# Cyp passerinum



## parvi_17 (Apr 26, 2009)

It will still be a while before the Cyps outside show any action, but I would like to share this with all of you, blooming inside now. This first bloom seedling is smaller than my passerinum outside, but the flower is the same size. It is really, really tiny, as you can see with my gigantic fingers holding a penny next to it - it reminds me of Mexipedium. It has a spicy fragrance. The ruler in the one pic is hard to see, but the plant is 4" (10cm) tall. Last year the one outside grew at least twice that height, and it was also a first bloomer last year.

Cyp passerinum is quite uncommon in cultivation, even here, where plants can be found in the wild 30 minutes from home. While not the showiest orchid I find it very charming and quite a novelty, and it is one reason to brave the horrible winters here and keep a garden, as it is almost impossible to grow in areas much warmer than this. So far I've found it likes a gritty soil in the shade, with ample moisture.


----------



## Jorch (Apr 26, 2009)

oh wow!! so cute! 

I've always wanted to grow one of these and x alaskanum, but I'm not sure if they'll like the coastal weather :sob:


----------



## Rick (Apr 26, 2009)

Great stuff:clap::clap:

One advantage to living in the Great White North!!


----------



## smartie2000 (Apr 26, 2009)

Cute one!:clap:
you have a super small plant. I remember the herbarium sheet at the UofA had taller stems and possibly larger blooms.
I found my photos of the sheet collected in 1987, but I didn't put a ruler.


----------



## Kevin (Apr 26, 2009)

Wow! 4" tall?! I've seen those in the wild before, but they were never that small! Did you get this from Garden Slippers?


----------



## parvi_17 (Apr 27, 2009)

I'm quite sure that this plant is only 4" tall because it is young. It will likely increase in size in future years. However, I doubt the flower will get too much bigger, maybe a little.


----------



## biothanasis (Apr 27, 2009)

This is so amazing!!!! I love it!!!


----------



## Bolero (Apr 27, 2009)

That is tiny, looks beautifully grown and very cute.


----------



## SlipperKing (Apr 27, 2009)

Man that is tiny! I'm afraid I would of stomped on it and never seen that in the wild!


----------



## parvi_17 (Apr 27, 2009)

Bolero said:


> That is tiny, looks beautifully grown and very cute.

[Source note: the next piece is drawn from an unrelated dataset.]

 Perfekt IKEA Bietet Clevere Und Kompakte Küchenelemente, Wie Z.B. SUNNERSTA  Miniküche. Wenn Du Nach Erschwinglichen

Thanks - it is beautifully grown but not by me - it's a new acquisition. Hopefully the one I have in the garden will turn out nice too.


----------



## NYEric (Apr 27, 2009)

Cool, I think someone may have stolen the reginae alb. I planted outside so be careful.


----------



## parvi_17 (Apr 27, 2009)

NYEric said:


> Cool, I think someone may have stolen the reginae alb. I planted outside so be careful.



I've always worried about theft...my property is protected by security cameras, etc. but I still worry... I hope your plant wasn't stolen!


----------



## KyushuCalanthe (Apr 27, 2009)

Neat little species that most can only see in pictures. It is curious how this species and C. guttatum are relatively easy within their native range, but really difficult further south. True boreal plants!


----------



## CodPaph (Apr 28, 2009)

very very nice, congratulations


----------